If there's a bright side to relegation, it's the chance of lining up on opening day with a spine of Meslier, Cresswell, Gray and Gelhardt — Roy of the Rovers stuff, sure, but people bloody loved Roy of the Rovers, didn't they?

This week I had a look back to the TSB+ members' survey we ran at the start of last season. We asked more questions last year because we were being nosy and it felt like more was decided that we could judge, whereas this time around there doesn't seem much point asking for player of the year predictions until at least September, when we know who will be here. Maybe even February.
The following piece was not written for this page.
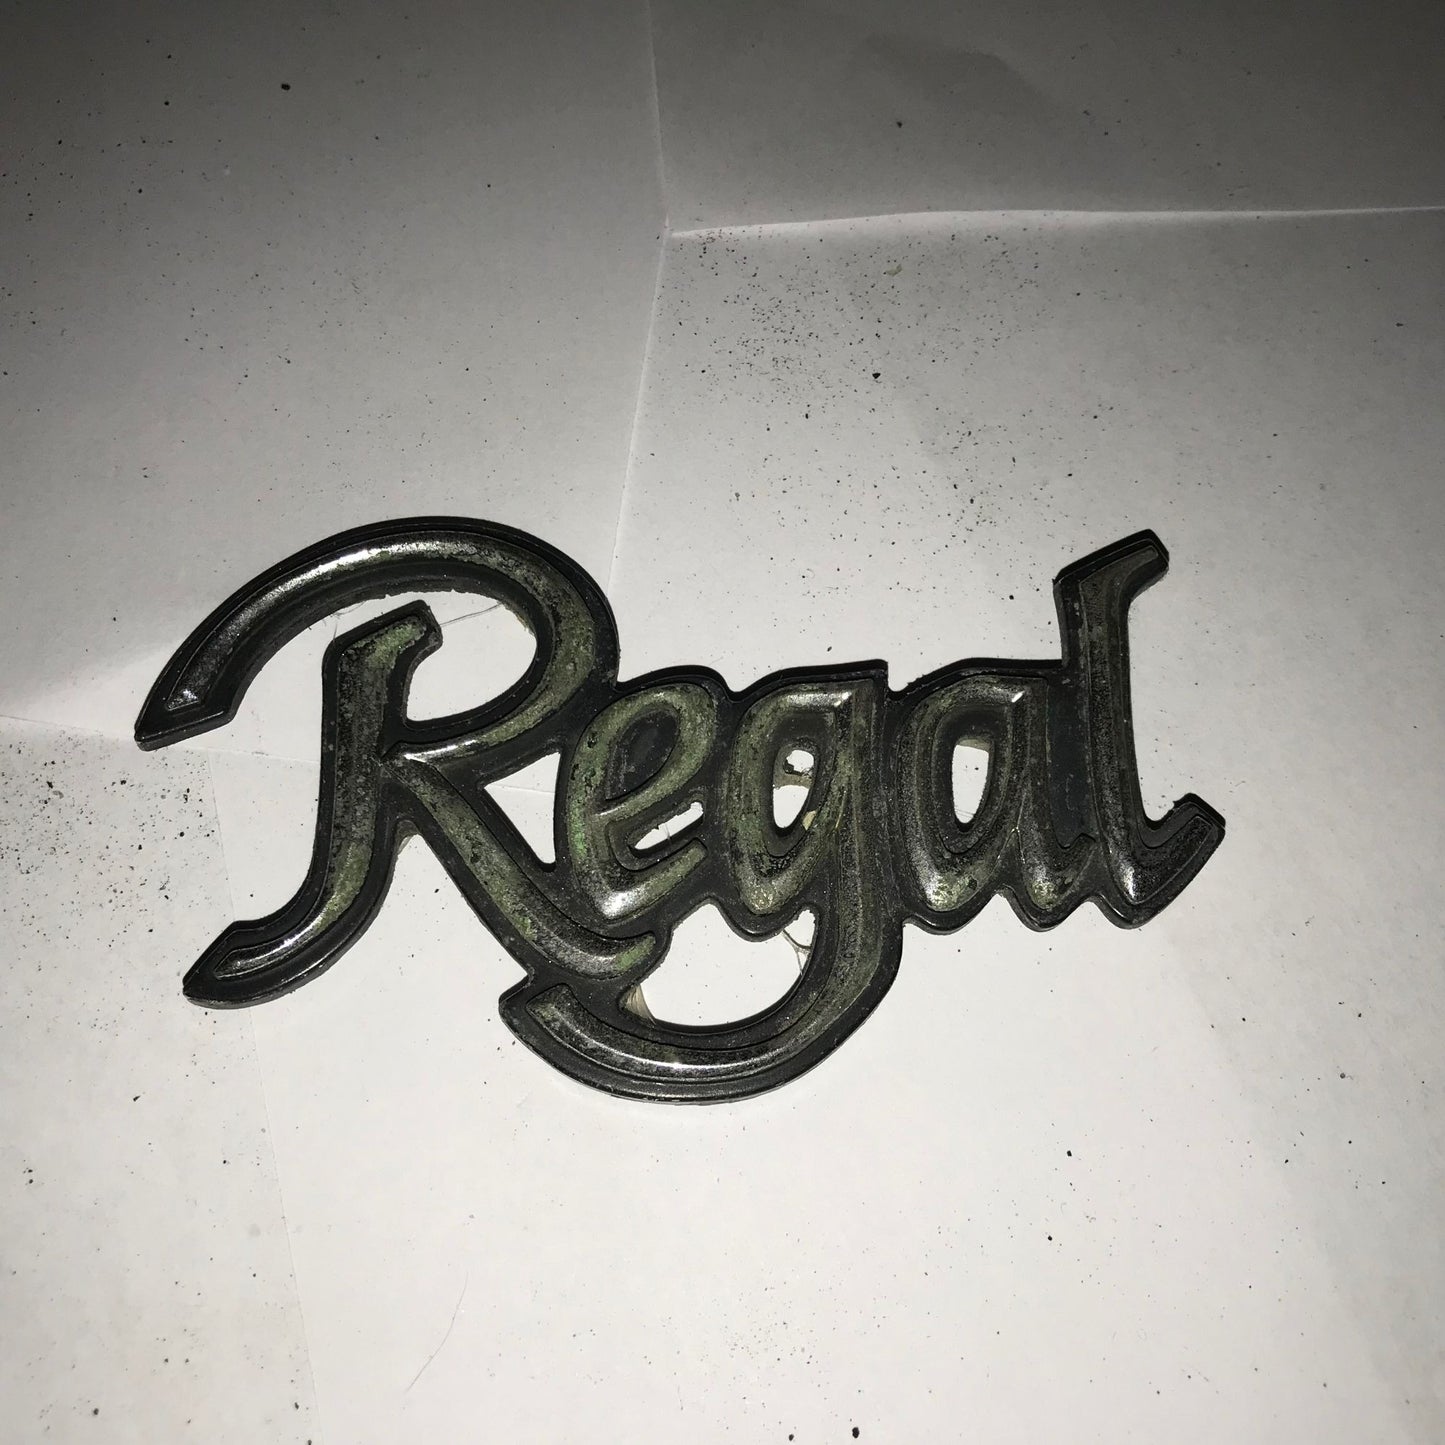 Regal Vehicle Hood Ornament/Auto Patch Emblem

Last summer's predicted good players stood out when I looked back. The pre-season choice for player of the year was Illan Meslier, with 22% of the vote, followed by Joe Gelhardt with 21%. (Third and fourth were Marc Roca and Rasmus Kristensen. Looking back, we were definitely all smoking something.) The young player of the season prediction was a landslide: Gelhardt again, with 72%, followed but not closely by Archie Gray on 12%.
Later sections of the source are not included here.